DATASET EXTRACT:
- - - -

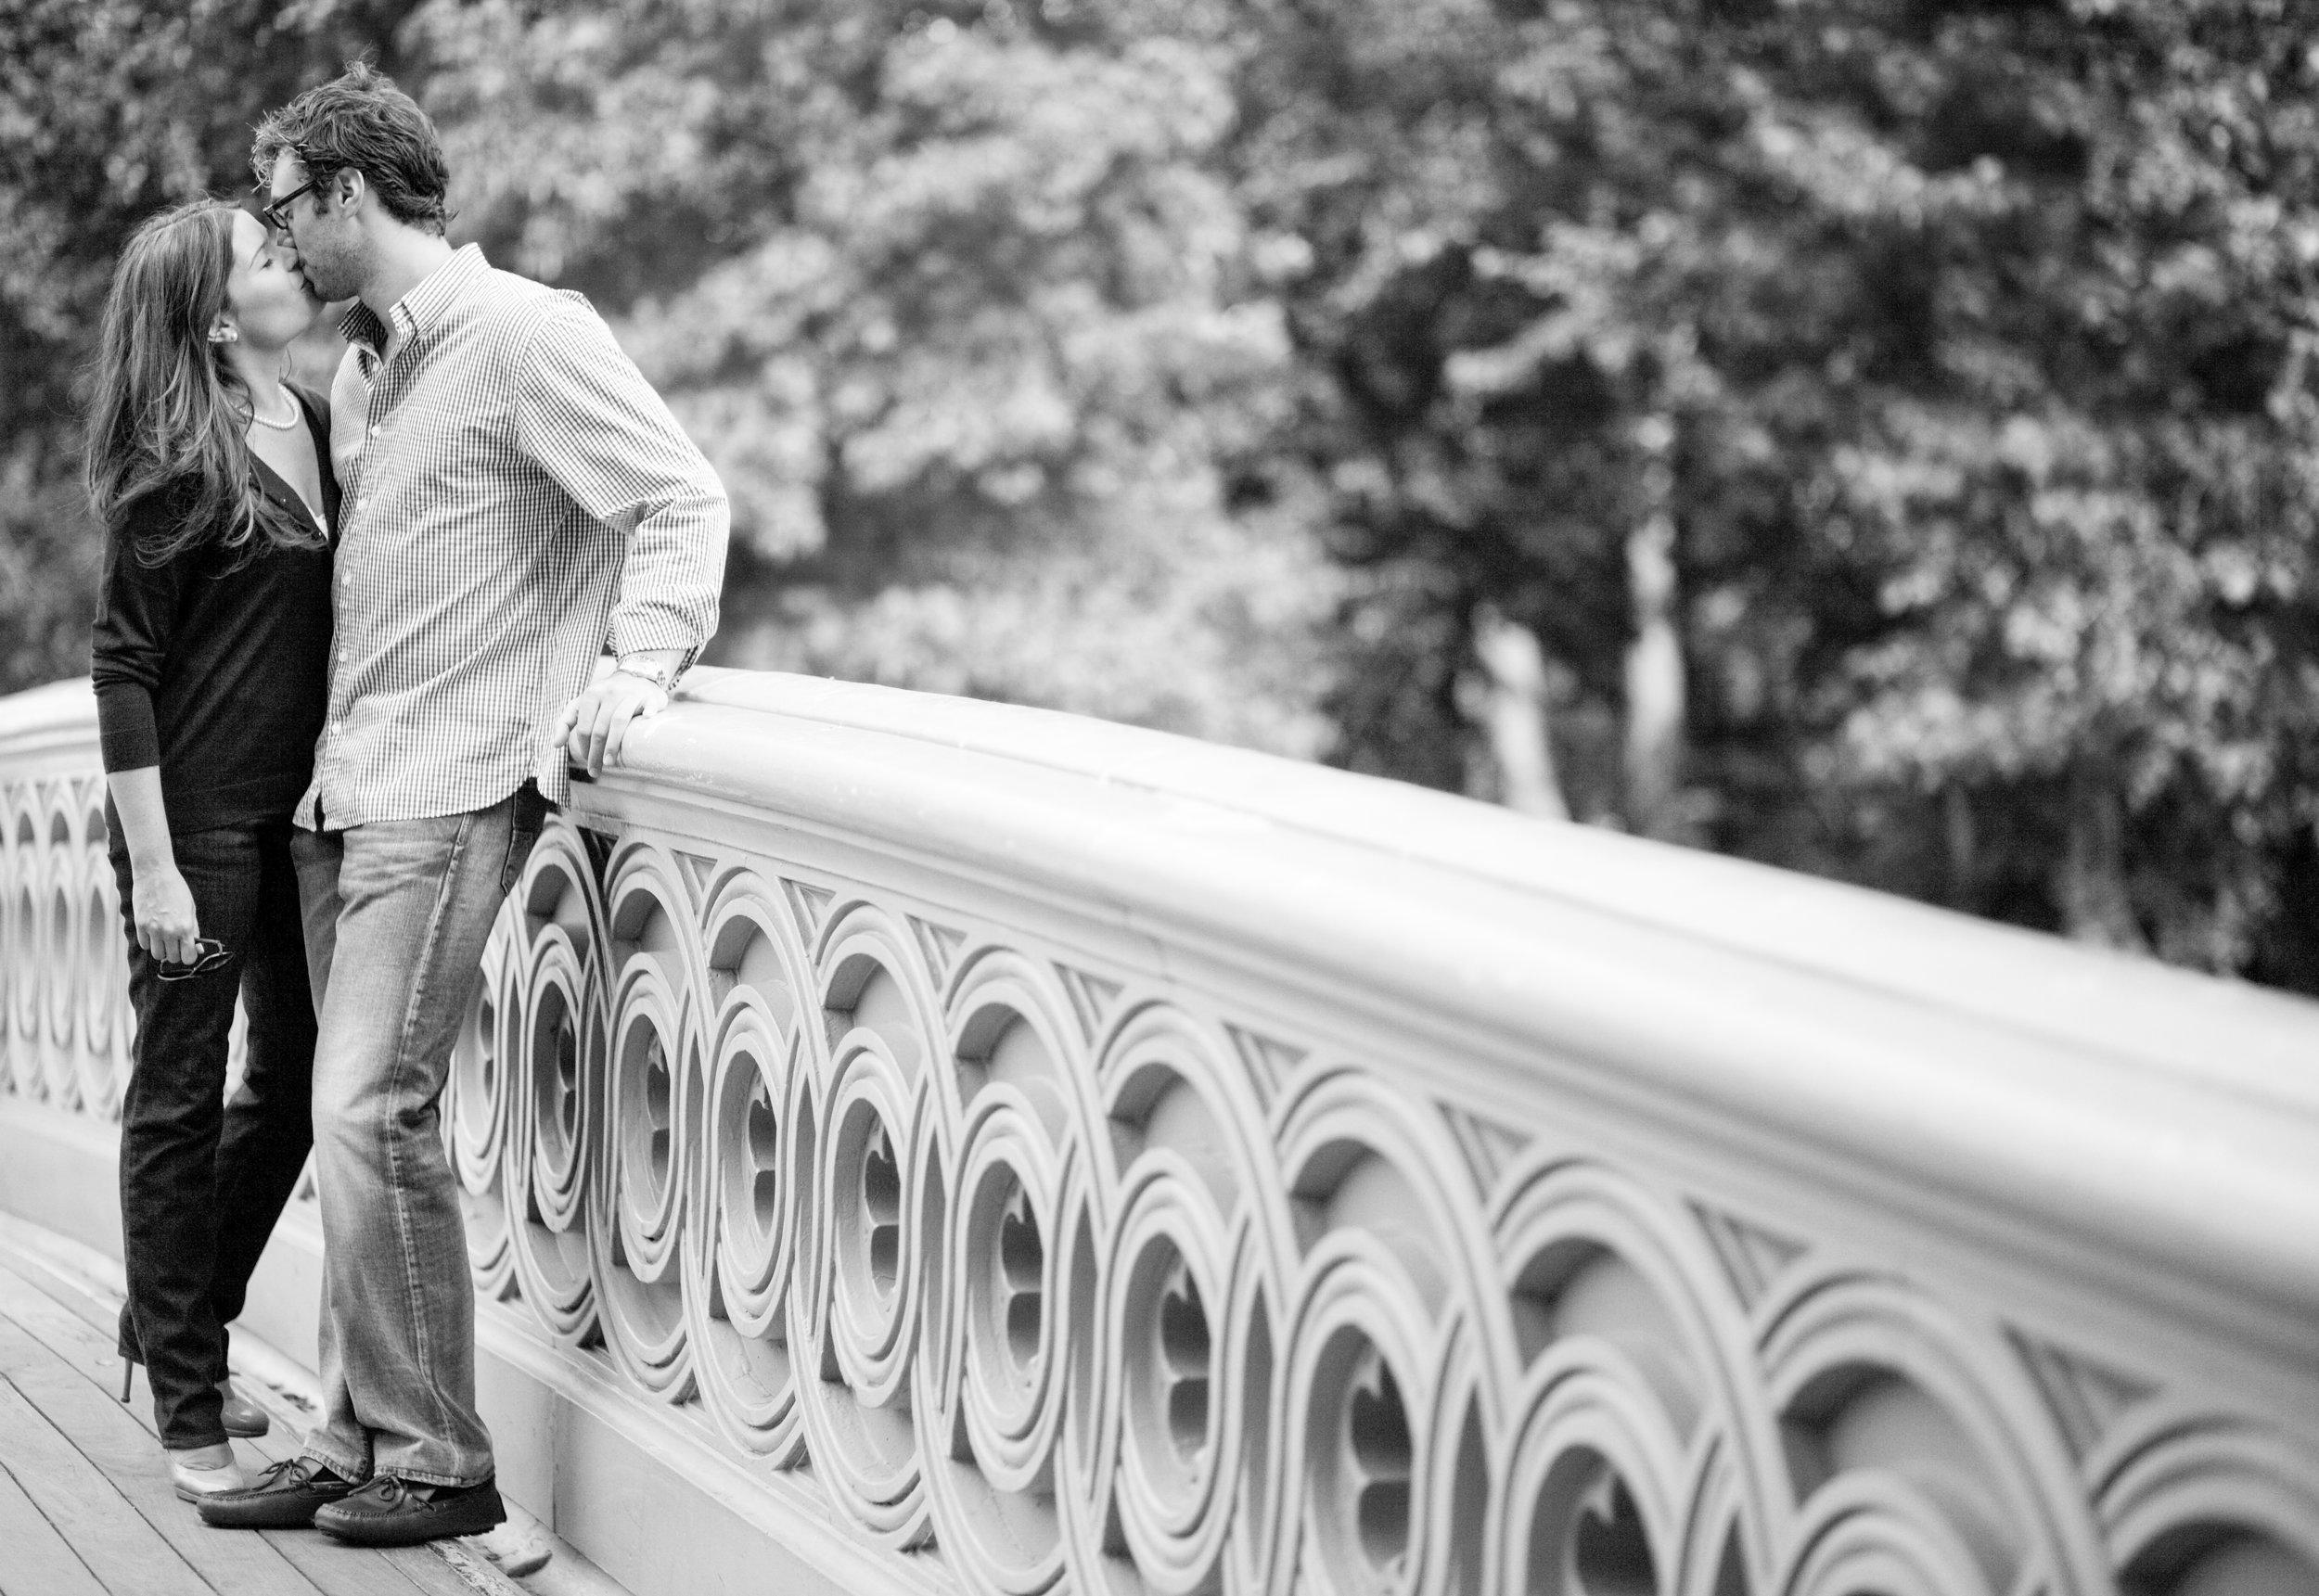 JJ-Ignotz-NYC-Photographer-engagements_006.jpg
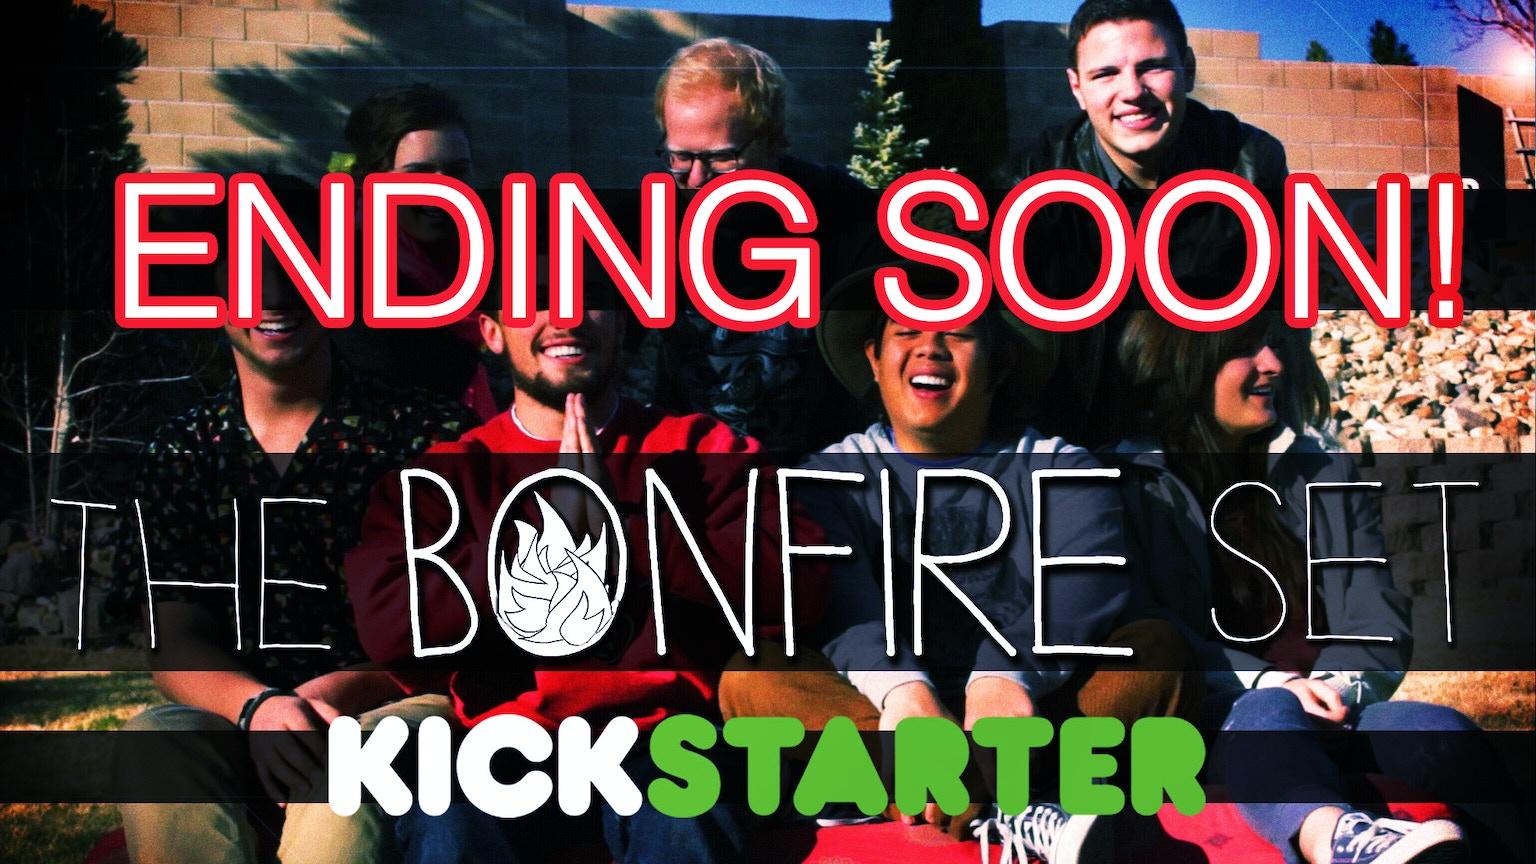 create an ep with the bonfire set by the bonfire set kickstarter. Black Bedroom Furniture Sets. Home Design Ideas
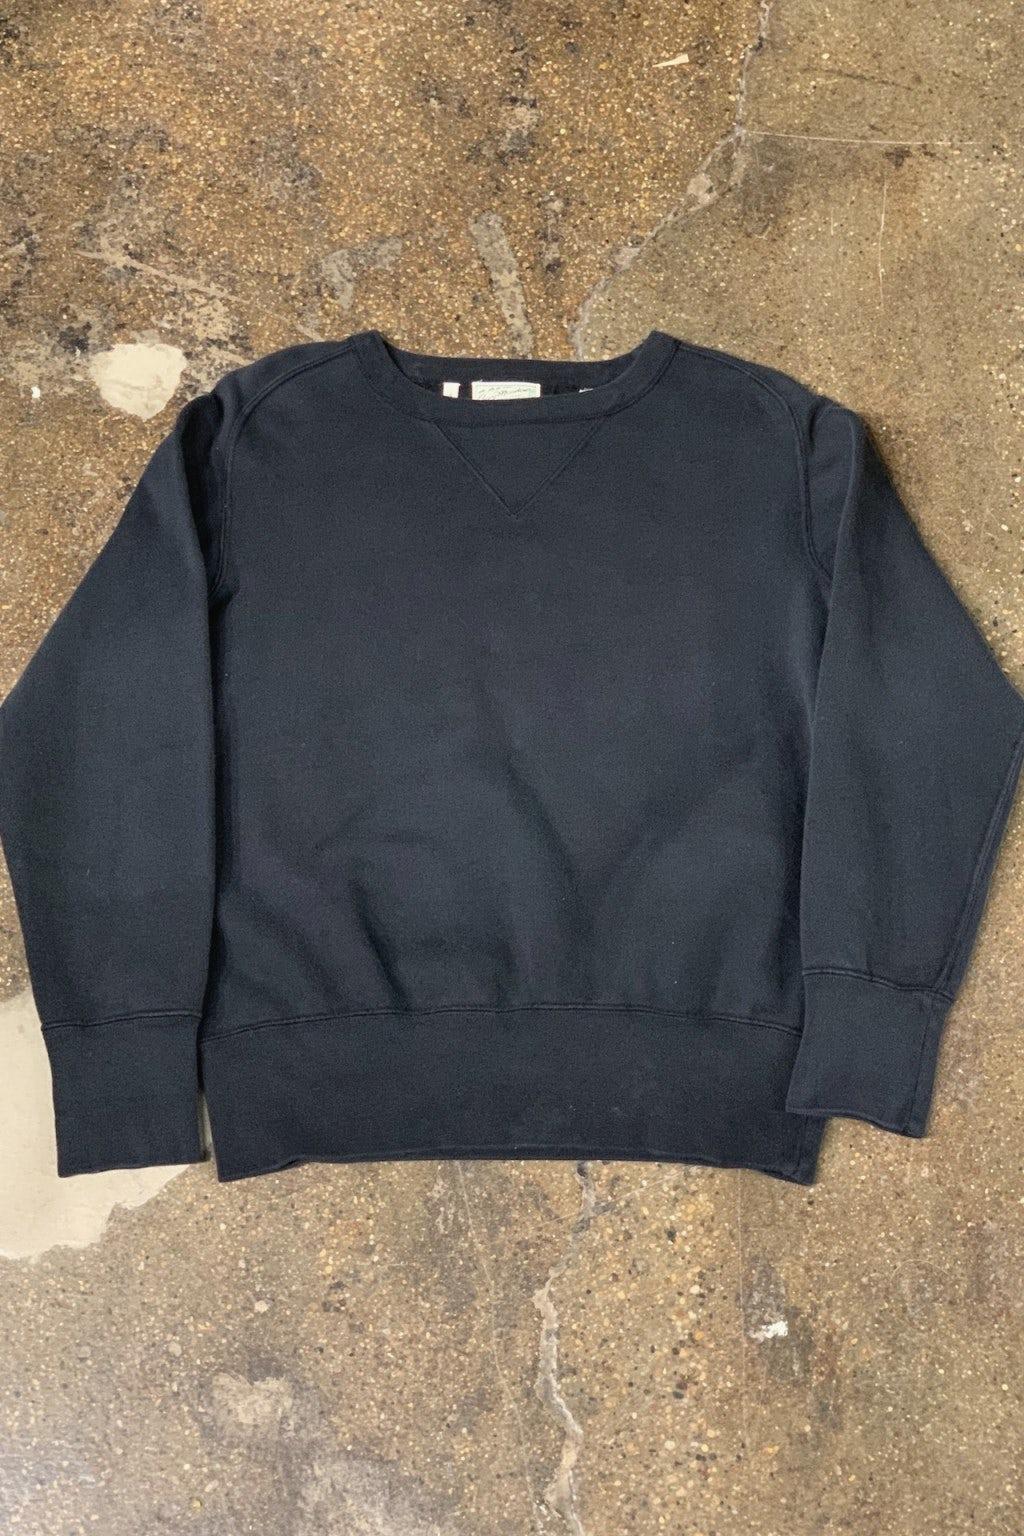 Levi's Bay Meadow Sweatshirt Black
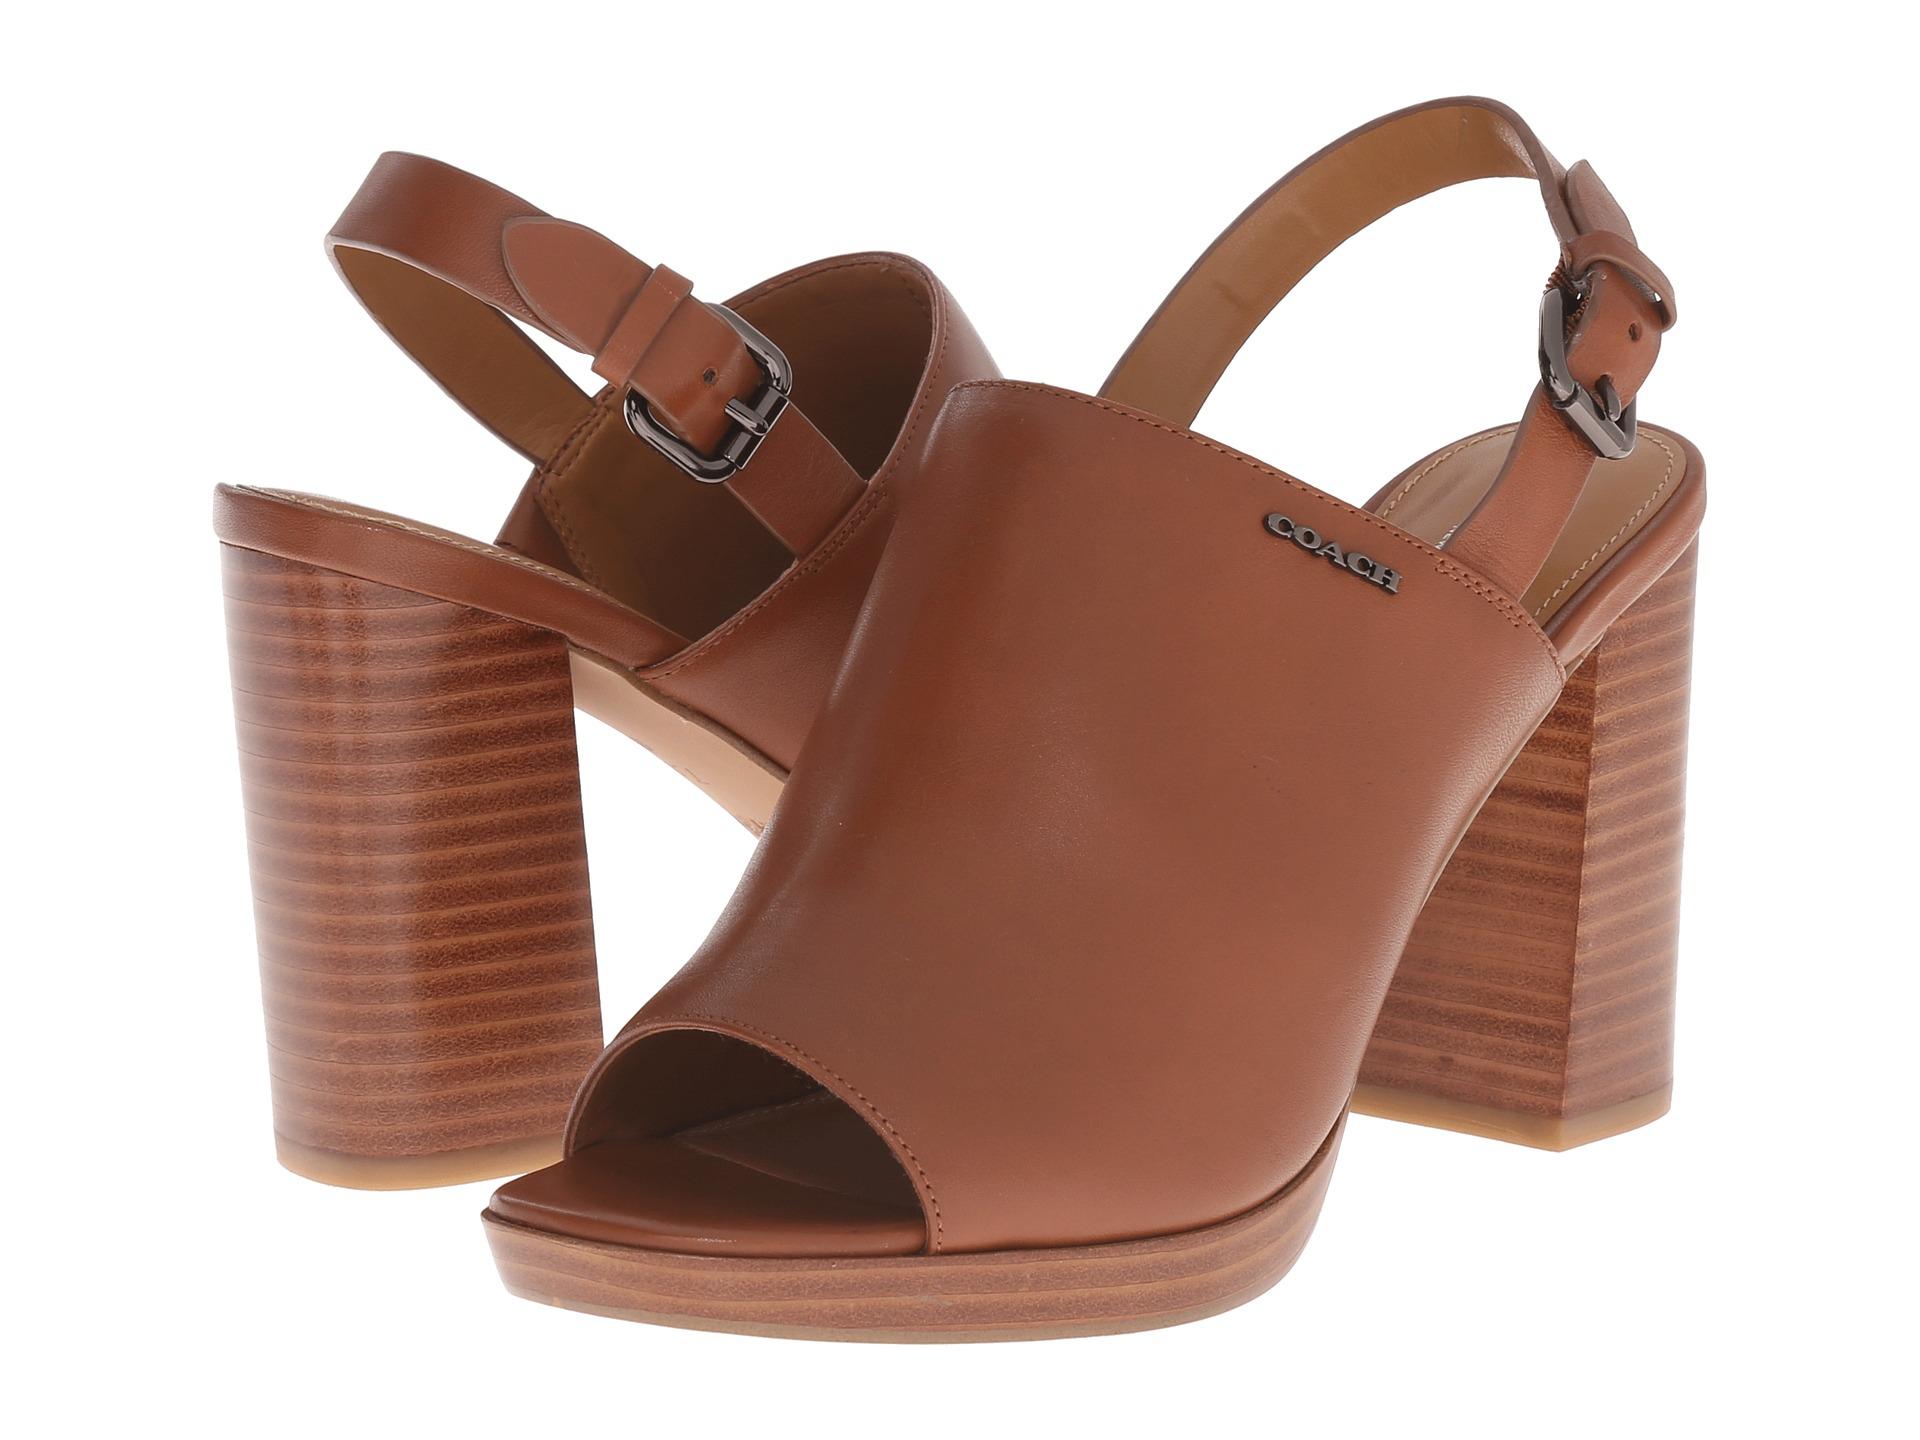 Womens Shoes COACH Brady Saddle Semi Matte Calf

- - - -

TASK OBJECTIVE: Produce a word-for-word version of the material, with no pictures included.

SOLUTION TO THIS EXERCISE:
 JJ-Ignotz-NYC-Photographer-engagements_006.jpg
 create an ep with the bonfire set by the bonfire set kickstarter. Black Bedroom Furniture Sets. Home Design Ideas
 Levi's Bay Meadow Sweatshirt Black
 Womens Shoes COACH Brady Saddle Semi Matte Calf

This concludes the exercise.